「ちゃんとお見舞い行った?どうだった?」
その夜、早速フランスから電話がかかってきた。
「行きましたよ」
「おー、偉い偉い。あいつ、どうだった?日本のこと、思い出したりとかした?」
「いえ、何も変わりませんでしたよ。そもそも私が行ったくらいで変わるはずがないじゃないですか」
 それに対してフランスが、いやいや、日本も愛の奇跡を信じなきゃだめだよ、とまじめに説くので、日本は苦笑した。
「それにしても、なんだか、同じイギリスさんでも、別人みたいで不思議ですよね」
「そうだった?いつもと印象違った?」
「そうですね…どこが違うとはうまく言えませんが、やっぱり違いますよ」
 素直に感謝するところが違う、自分を見て照れないところが違う、などと正直には言えないので、日本は適当にごまかした。
「イギリスさん、いつか治るんでしょうか」
「どうだろうね。病気のことはわかんないな。でもまあ日本はひとまずこのまま、また仲良くなっちゃえばいいんじゃない?」
「記憶をなくしたイギリスさんとですか?」
「うん」
「それは……無理ですよ」
「えーどうして」
「だって……記憶がないじゃありませんか」
「でもイギリスはイギリスだからさ」
 たしかにフランスの言う通りだった。でも実際は全然違うのだ、と日本は思った。

 約束通り、日本は翌日も病院を訪ねた。イギリスは昨日とは違い、笑顔で日本を迎える。一日だけだが、頭の包帯も取れており、顔色も良くなったように見えた。
「明後日退院することになった」
「よかったですね」
「ああ。……日本、俺が退院しても、会ってくれるか?」
 そう言って照れくさそうにイギリスは下を向いた。日本は驚いたが、「はい、もちろんですよ」と返事をした。それまで、言葉遣いが若干丁寧だったり、感情の波がそれほど激しくなかったり、記憶なくす以前の彼と多くの違いがあることには日本は気づいていたが、記憶のない彼が、こうして以前と同じように照れるのを見るは妙なものだった。そのときフランスが電話で語った「障害があっても、引き合うんだよ。必ずね」という言葉がふと頭に浮かんだが、日本は慌ててそれを打ち消した。
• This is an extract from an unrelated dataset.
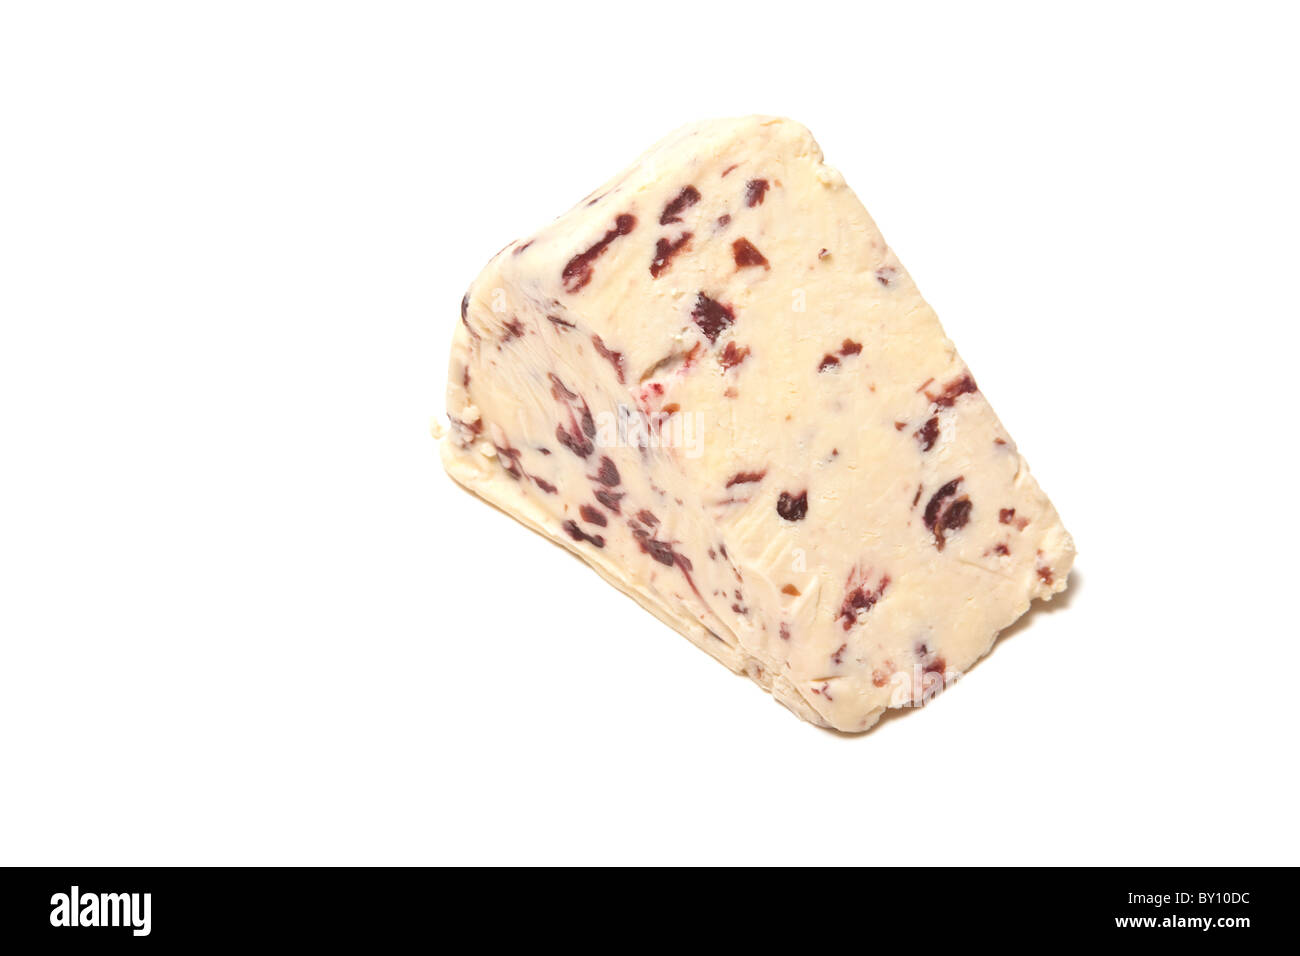 Wedge of Wensleydale and cranberry cheese isolated on a white studio background. Stock Photo

 退院後、日本はイギリスの希望通り、家まで会いに行くことになった。イギリスの家に行くのは久しぶりだった。最初はイギリスが日本の家に行くと主張していたが、もちろん家までの道順を覚えていないため途中で迷子になられても困ると思い、日本はイギリスの体調を心配するような文句を並べて遠回しに断った。その代わりに、自分から訪ねに行くと約束したのだ。
 イギリスは記憶がなくても、家の中ではあまり不自由なく暮らしているようだった。ものの置き場所も、だいたい勘でわかるらしい。紅茶の味も、以前と変わらない。それを告げると、体が覚えてんのかもな、と彼は言った。
 紅茶を片手に彼と話すのは、アメリカや(今も心配して頻繁にイギリス宅を訪れに来るようだった)フランス(驚くことにフランスの話をするときの口調に毒が含まれていない)についてのときもあったが、たいていはイギリスに乞われて日本が昔の思い出話をした。そんなとき日本が渡した日英史の本は、たびたび役に立った。イギリスは写真を指さして、これは何だ、何をしてるところだ、手に持ってるのは何だ、と細かいところまでいろいろ聞いてくる。
 歴史と言えど、暗い戦時中の話題は避けて、戦後の混乱の時期もなるべく避ける。そうしていると二人の距離がいちばん近かった頃、戦前の同盟中の話が自然と多くなった。日本はそのときを懐かしく思い返しながら、問われるがままに話した。写真を見ながら話していると、忘れかけていたその頃の記憶は日本のなかで次々とよみがえる。イギリスがいった些細な一言。教えてもらった技術。初めて食べた料理。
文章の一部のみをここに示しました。